## TRY IT
Lines from the one containing "Watch: Can Justin" through the last line of the records below are to be repeated exactly.

## EXERCISE MATERIALS
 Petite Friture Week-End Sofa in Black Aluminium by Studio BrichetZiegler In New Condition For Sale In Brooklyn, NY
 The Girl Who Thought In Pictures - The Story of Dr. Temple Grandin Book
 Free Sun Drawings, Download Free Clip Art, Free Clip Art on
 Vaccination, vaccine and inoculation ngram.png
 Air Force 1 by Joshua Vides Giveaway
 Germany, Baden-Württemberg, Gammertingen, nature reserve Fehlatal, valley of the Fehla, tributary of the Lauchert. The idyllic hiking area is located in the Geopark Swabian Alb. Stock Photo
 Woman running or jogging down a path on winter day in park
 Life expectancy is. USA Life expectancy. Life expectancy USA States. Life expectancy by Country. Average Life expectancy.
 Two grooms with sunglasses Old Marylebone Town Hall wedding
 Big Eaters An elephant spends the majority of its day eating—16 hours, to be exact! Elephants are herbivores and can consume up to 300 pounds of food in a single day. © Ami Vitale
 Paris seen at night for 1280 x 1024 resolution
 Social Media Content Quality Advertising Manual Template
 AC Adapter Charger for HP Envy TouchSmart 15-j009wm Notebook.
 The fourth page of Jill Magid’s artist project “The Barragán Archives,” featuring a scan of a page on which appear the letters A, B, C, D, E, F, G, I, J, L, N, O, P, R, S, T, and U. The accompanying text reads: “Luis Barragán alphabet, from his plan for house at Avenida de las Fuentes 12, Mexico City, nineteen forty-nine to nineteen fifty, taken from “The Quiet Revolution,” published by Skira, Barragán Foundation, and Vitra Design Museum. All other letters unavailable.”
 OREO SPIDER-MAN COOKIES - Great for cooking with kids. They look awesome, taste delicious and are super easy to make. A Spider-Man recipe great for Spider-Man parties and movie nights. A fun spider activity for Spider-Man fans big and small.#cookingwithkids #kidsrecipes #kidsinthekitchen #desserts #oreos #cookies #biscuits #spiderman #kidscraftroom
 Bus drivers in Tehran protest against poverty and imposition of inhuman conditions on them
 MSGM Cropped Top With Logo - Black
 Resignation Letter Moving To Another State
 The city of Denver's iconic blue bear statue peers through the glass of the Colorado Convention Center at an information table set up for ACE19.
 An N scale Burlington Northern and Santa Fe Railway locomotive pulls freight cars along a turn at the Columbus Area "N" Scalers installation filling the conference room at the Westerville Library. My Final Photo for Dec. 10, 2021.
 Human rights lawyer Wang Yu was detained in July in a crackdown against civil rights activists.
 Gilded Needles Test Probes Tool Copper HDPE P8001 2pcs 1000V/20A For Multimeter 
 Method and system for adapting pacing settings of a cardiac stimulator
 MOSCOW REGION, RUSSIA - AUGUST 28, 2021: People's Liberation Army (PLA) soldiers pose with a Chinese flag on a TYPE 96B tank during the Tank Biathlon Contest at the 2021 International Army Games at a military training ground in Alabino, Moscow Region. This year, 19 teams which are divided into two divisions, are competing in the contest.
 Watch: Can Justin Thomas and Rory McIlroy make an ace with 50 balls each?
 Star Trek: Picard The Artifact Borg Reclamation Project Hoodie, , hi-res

## EXERCISE RESULT
 Watch: Can Justin Thomas and Rory McIlroy make an ace with 50 balls each?
 Star Trek: Picard The Artifact Borg Reclamation Project Hoodie, , hi-res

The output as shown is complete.